Stambler BS, et al. Featured Clinical Research I. Presented at: American College of Cardiology Scientific Session; May 15-17, 2021 (virtual meeting).
Stambler reports he received honoraria, consultant fees and contracted grants from Milestone Pharmaceuticals.
Etripamil nasal spray was associated with improving symptoms and reducing ED visits to terminate nodal-dependent paroxysmal supraventricular tachycardia outside the health care environment, according results of the NODE-301 study.
Bruce S. Stambler
“Etripamil 70 mg single-dose significantly improved PSVT-related symptoms; patient satisfaction and effectiveness of at-home nasal spray therapy for PSVT were higher for etripamil than placebo; and etripamil tended to reduce the need for emergency room medical interventions for PSVT,” Bruce S. Stambler, MD, FHRS, director of cardiac arrythmia research and education at Piedmont Heart Institute, Atlanta, said during a presentation at the American College of Cardiology Scientific Session.

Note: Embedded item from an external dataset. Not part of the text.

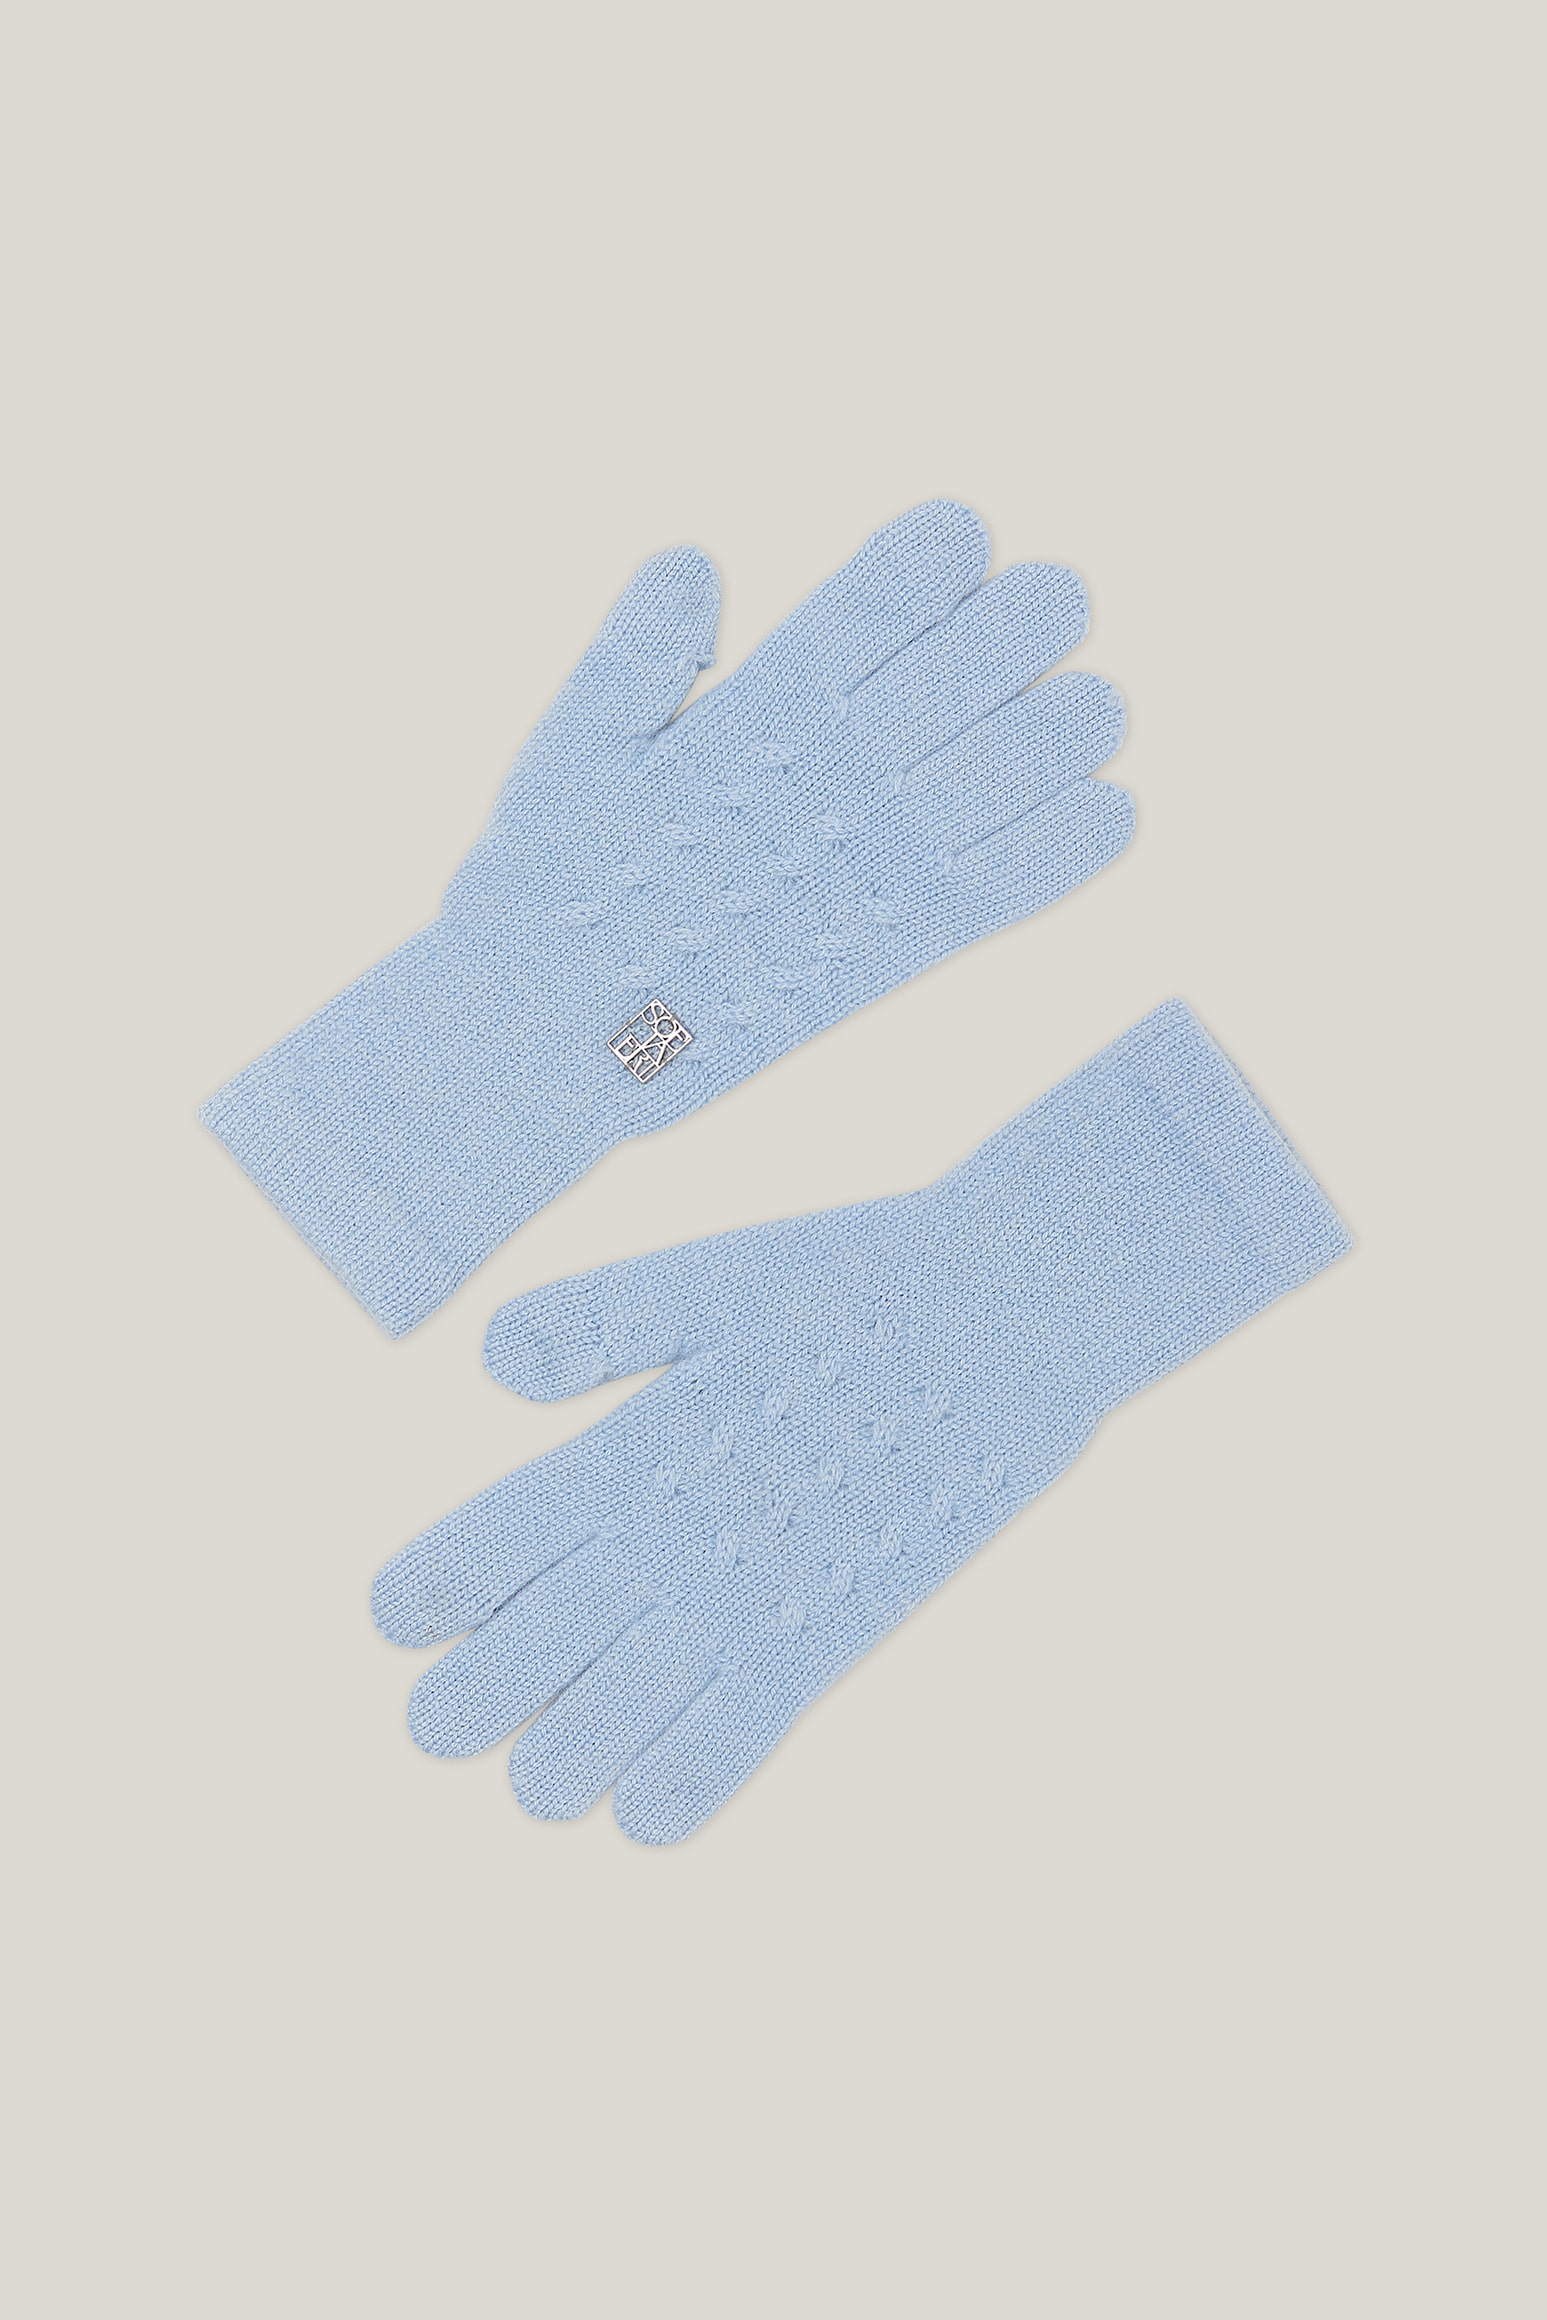 Finger Hole Knit Gloves For Womens (Sky Blue)

As Healio previously reported, in the main results of NODE-301, etripamil (Millstone Pharmaceuticals), an L-type calcium channel blocker administered via nasal spray, missed the primary endpoint of conversion of paroxysmal supraventricular tachycardia (PSVT) to sinus rhythm at 5 hours compared with placebo, but bested placebo for conversion at 45 minutes.
For the present analysis, the researchers included the 156 patients from NODE-301 who had a confirmed vagal-maneuver refractory, symptomatic episode of sustained PSVT. In the etripamil group, the mean age was 57 years and 68% were women. In the placebo group, the mean age was 54 years and 67% were women.
Stambler said that compared with placebo, etripamil improved patient scores of the following PSVT related symptoms: rapid pulse (P = .002), palpitations (P < .001) shortness of breath (P = .008) dizziness (P = .012) and anxiety (P =.006). There was no difference between the groups in chest pain score.
According to Stambler, during the 5-hour observation period, 28 patients sought additional rescue medical interventions for PSVT; of those, 25 reported to the ED and three self-administered rescue oral medications for PSVT. Also, he said, 14% of the etripamil group compared with 26.5% of the placebo group sought additional medical therapy, usually IV adenosine in the ED (P = .059).
There was a trend for ED interventions to be less frequent in the etripamil group compared with the placebo group (12.1% vs. 24.5%; P = .051), according to Stambler.
A secondary analysis demonstrated a clinically meaningful early treatment effect showing that etripamil 70 mg was significantly more effective than placebo nasal spray in converting PSVT over the first 45 minutes (P = .002) after the nasal spray, Stambler said.
Mean time to ER intervention was 116 minutes in the etripamil group and 79 minutes in the placebo group (P < .05), he said.
Scores of the 9-Item Treatment Satisfaction Questionnaire for Medication favored the etripamil group for treatment effectiveness (54 vs. 35; P = .001) and global satisfaction (57 vs. 43; P = .007), but there was no difference in treatment convenience score, according to the researchers.
“These data support the continued development of etripamil nasal spray for acute treatment of PSVT outside the hospital,” Stambler said during the presentation.